Antibiotic concentrations must be maintained at an adequate level throughout cardiovascular surgery to prevent surgical site infection. This study aimed to determine the most appropriate timing for intraoperative repeated dosing of ampicillin–sulbactam, a commonly used antibiotic prophylaxis regimen, to maintain adequate concentrations throughout the course of cardiovascular surgery with cardiopulmonary bypass (CPB). The total plasma concentrations of ampicillin were monitored in 8 patients after ampicillin (1 g)–sulbactam (0.5 g) administration via initial intravenous infusion and subsequent CPB priming. Pharmacokinetic parameters were estimated and used to predict the free plasma concentrations of ampicillin. The mean values for the volume of distribution, elimination rate constant, elimination half-life, and total clearance of ampicillin were 15.8±4.1 L, 0.505±0.186 h−1, 1.52±0.47 h, and 7.72±2.72 L/h, respectively. When ampicillin (1 g)–sulbactam (0.5 g) was intravenously administered every 3, 4, 6, and 12 h after the start of CPB, the predicted free trough plasma concentrations of ampicillin were 15.20, 8.25, 2.74, and 0.13 µg/mL, respectively. Therefore, an every-6-h regimen was needed to maintain the free ampicillin concentration at more than 2 µg/mL during cardiovascular surgery with CPB. We suggest that the dose and dosing interval for ampicillin–sulbactam should be adjusted to optimize the efficacy and safety of treatment, according to the minimum inhibitory concentrations for methicillin-sensitive Staphylococcus aureus isolates at each institution. Registration number: UMIN000007356.

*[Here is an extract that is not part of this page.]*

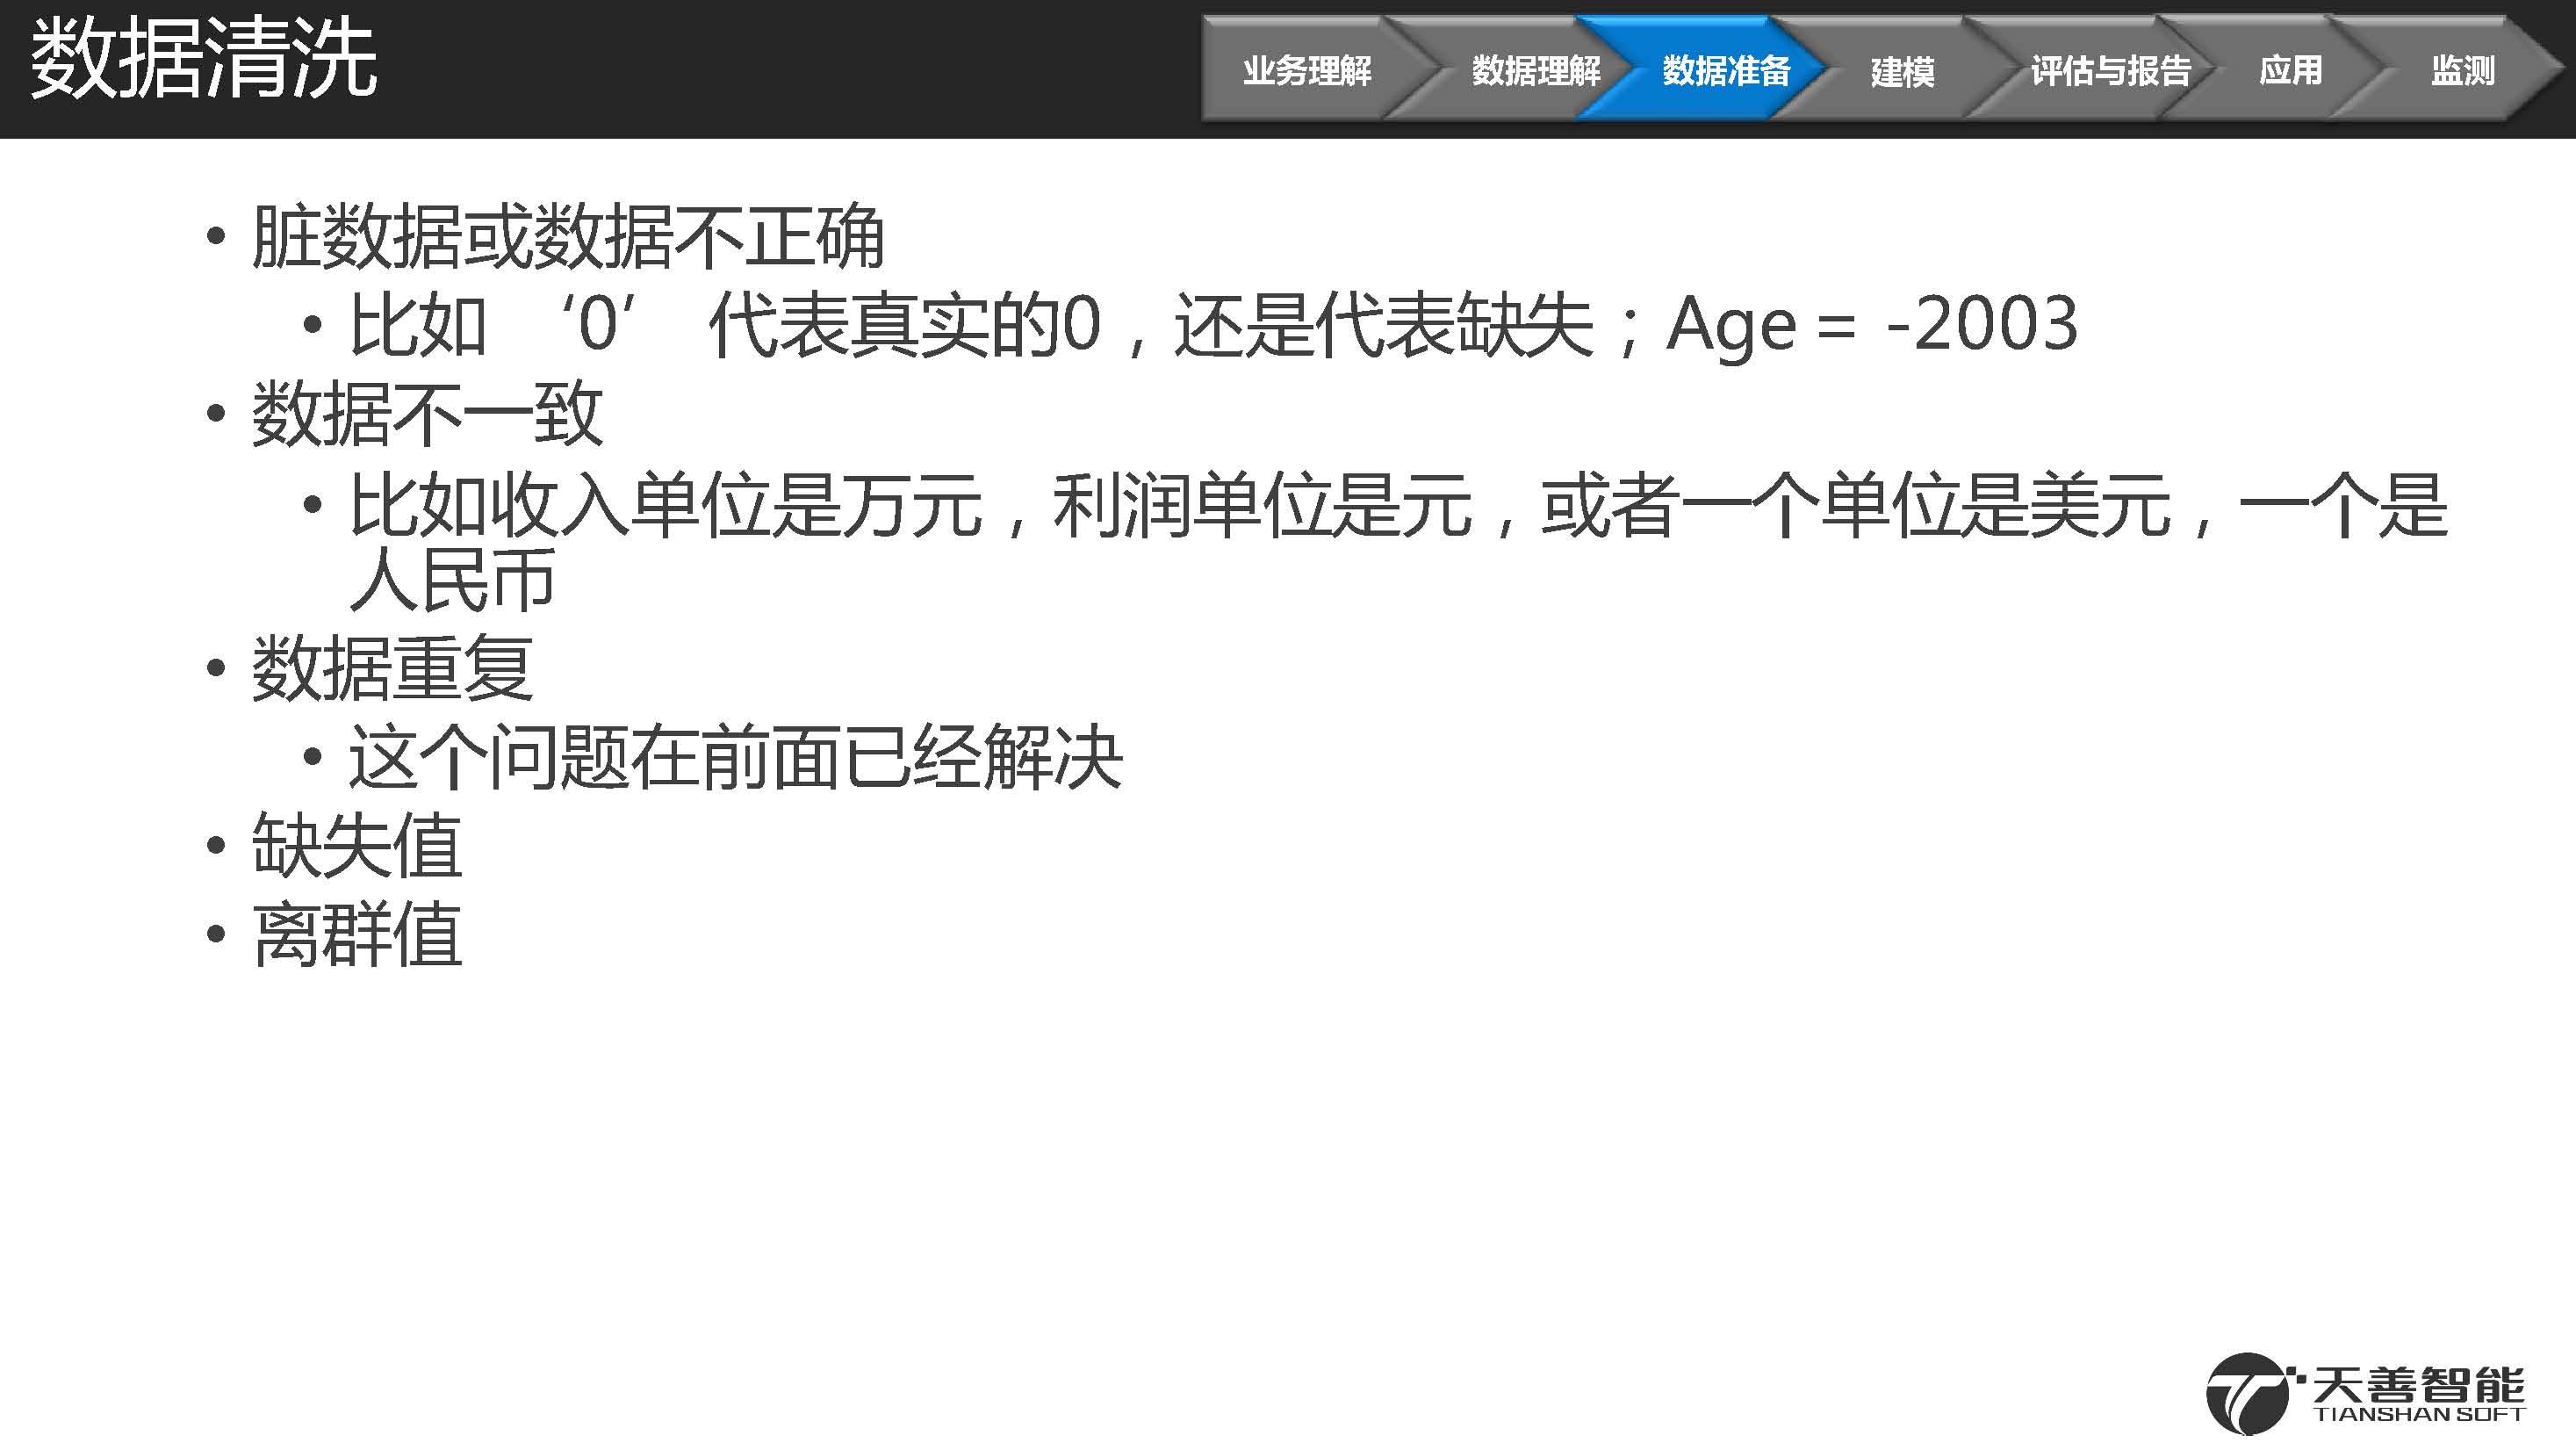 2汽车金融信用违约预测模型案例_页面_33.jpg

The United States Centers for Disease Control National Nosocomial Infections Surveillance system demonstrated that surgical site infection (SSI) is the most frequently reported nosocomial infection, accounting for 14–16% of such infections among hospitalized patients and 38% in surgical patients.1) According to the Japan Nosocomial Infections Surveillance Open Report 2013, the incidence of SSI in cardiovascular surgery was 1.5–4.8%.2)

Postoperative SSIs are a major cause of postoperative morbidity and mortality in patients undergoing cardiac surgery. SSIs of the sternal wound and underlying mediastinum occur in 0.4–4% of cardiac surgical operations.3) The administration of antibiotic prophylaxis in patients treated with cardiothoracic operations can reduce the rate of SSI, and placebo-controlled trials of cardiothoracic antibiotic prophylaxis have found a benefit in preventing postoperative wound infections.4)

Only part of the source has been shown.